- **What to produce**: All the lines below need to be output exactly, apart from any images.

- **Provided material**:
• • • • •
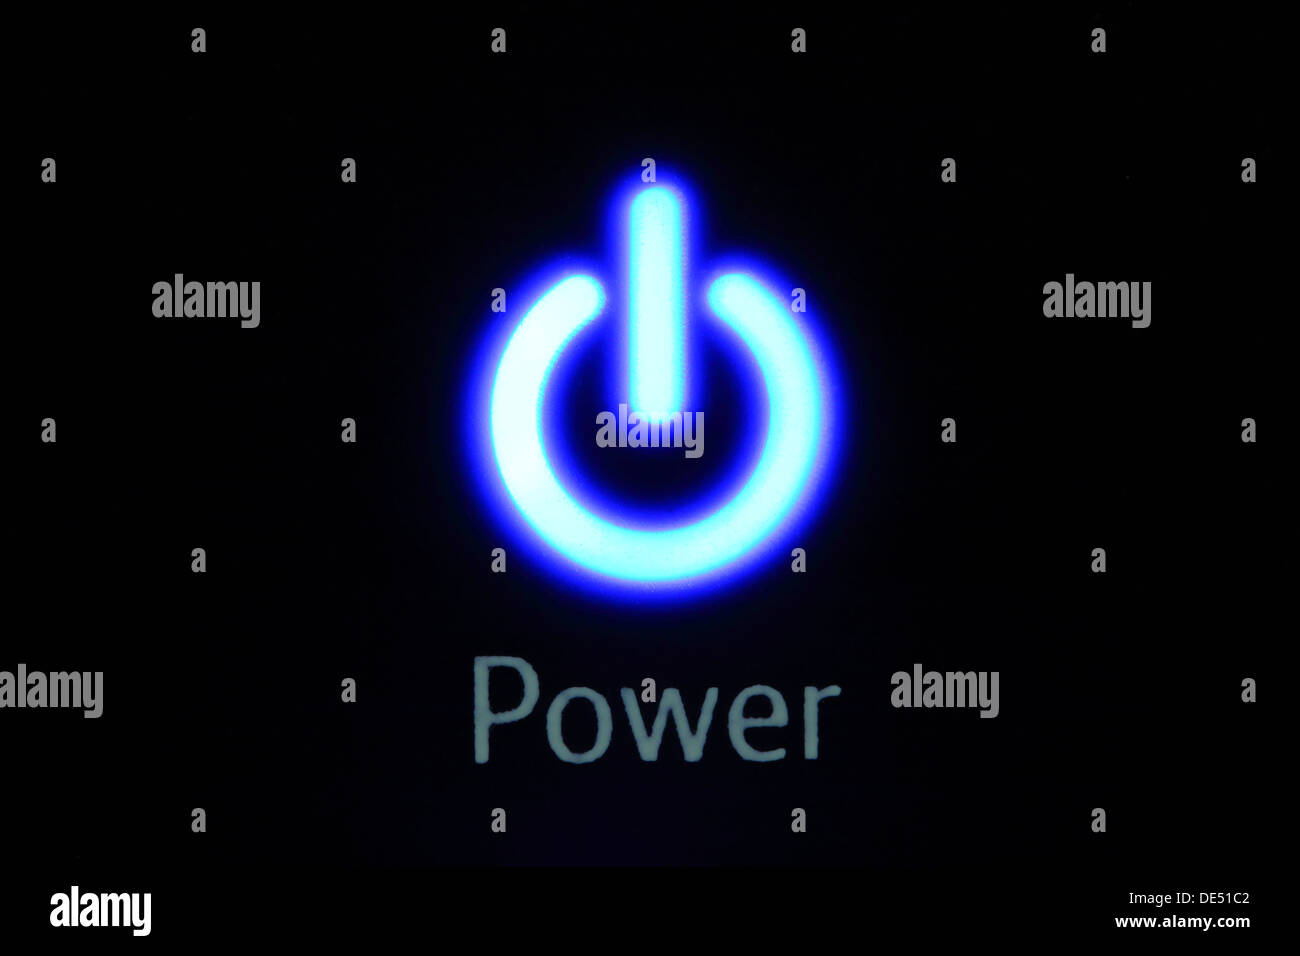 illuminated Power light icon on a broadband router Stock Photo
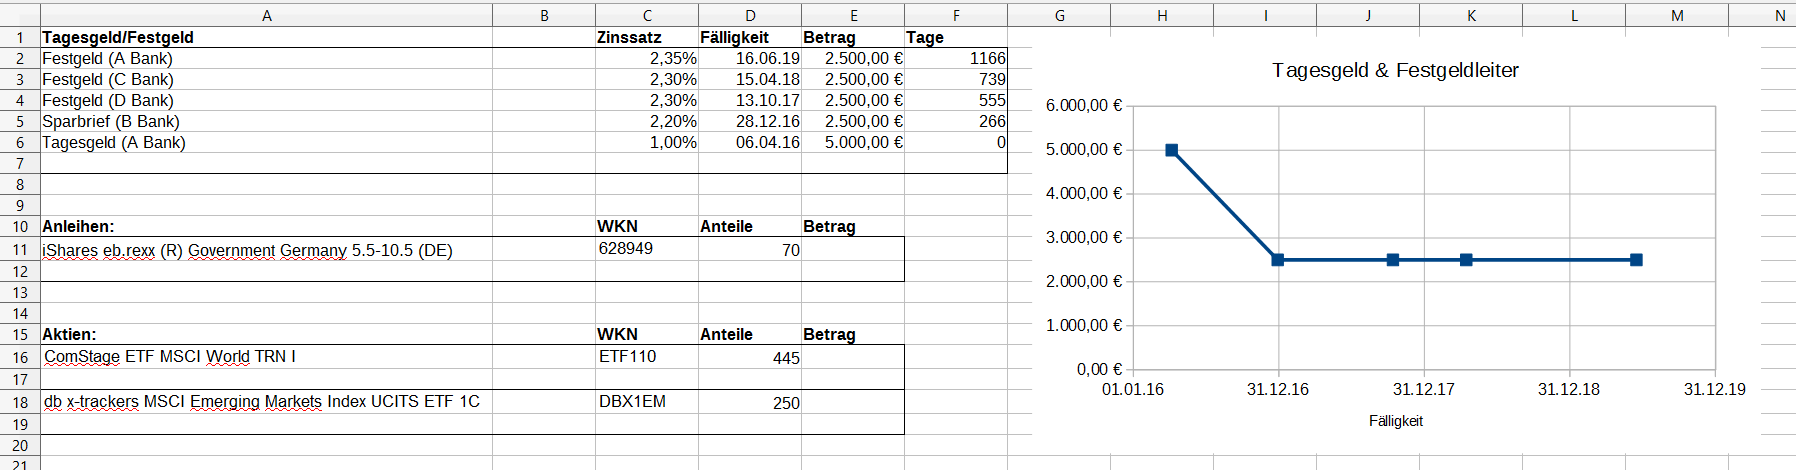 Finanzen mit Excel Teil 3
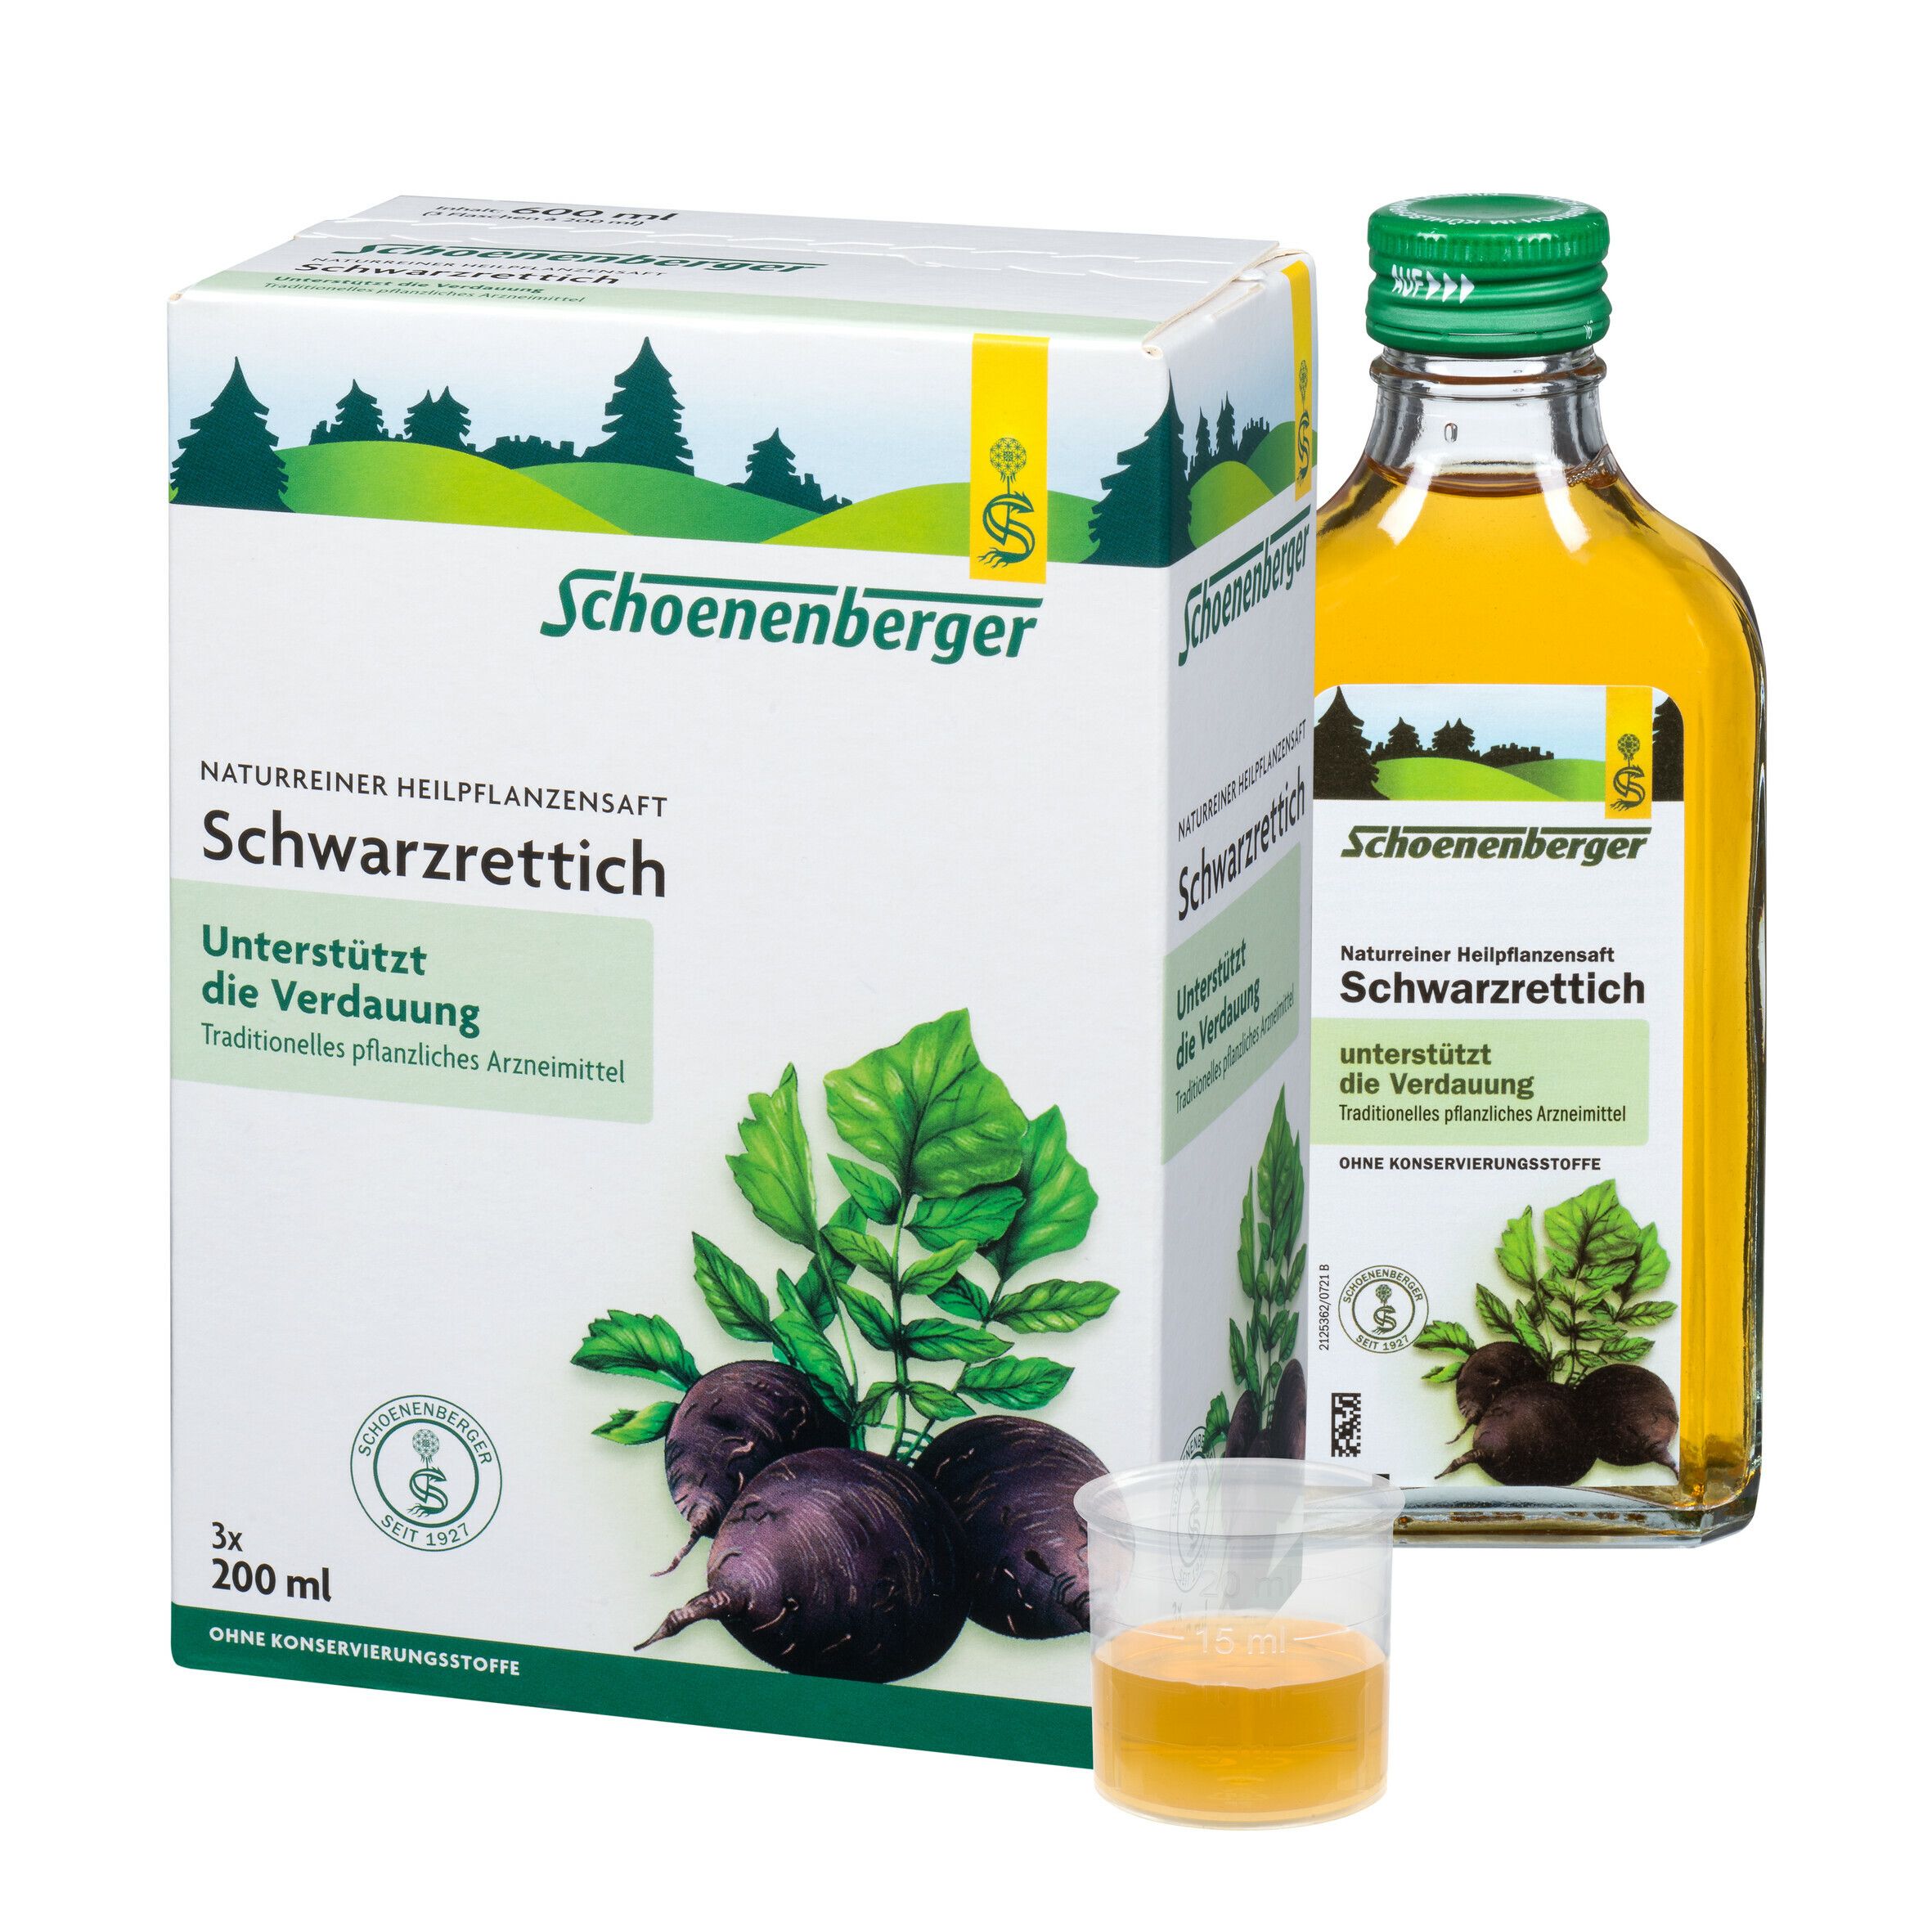 Schoenenberger® naturreiner Heilpflanzensaft Schwarzrettich
• • • • •
- **Solved exercise**:
 illuminated Power light icon on a broadband router Stock Photo
 Finanzen mit Excel Teil 3
 Schoenenberger® naturreiner Heilpflanzensaft Schwarzrettich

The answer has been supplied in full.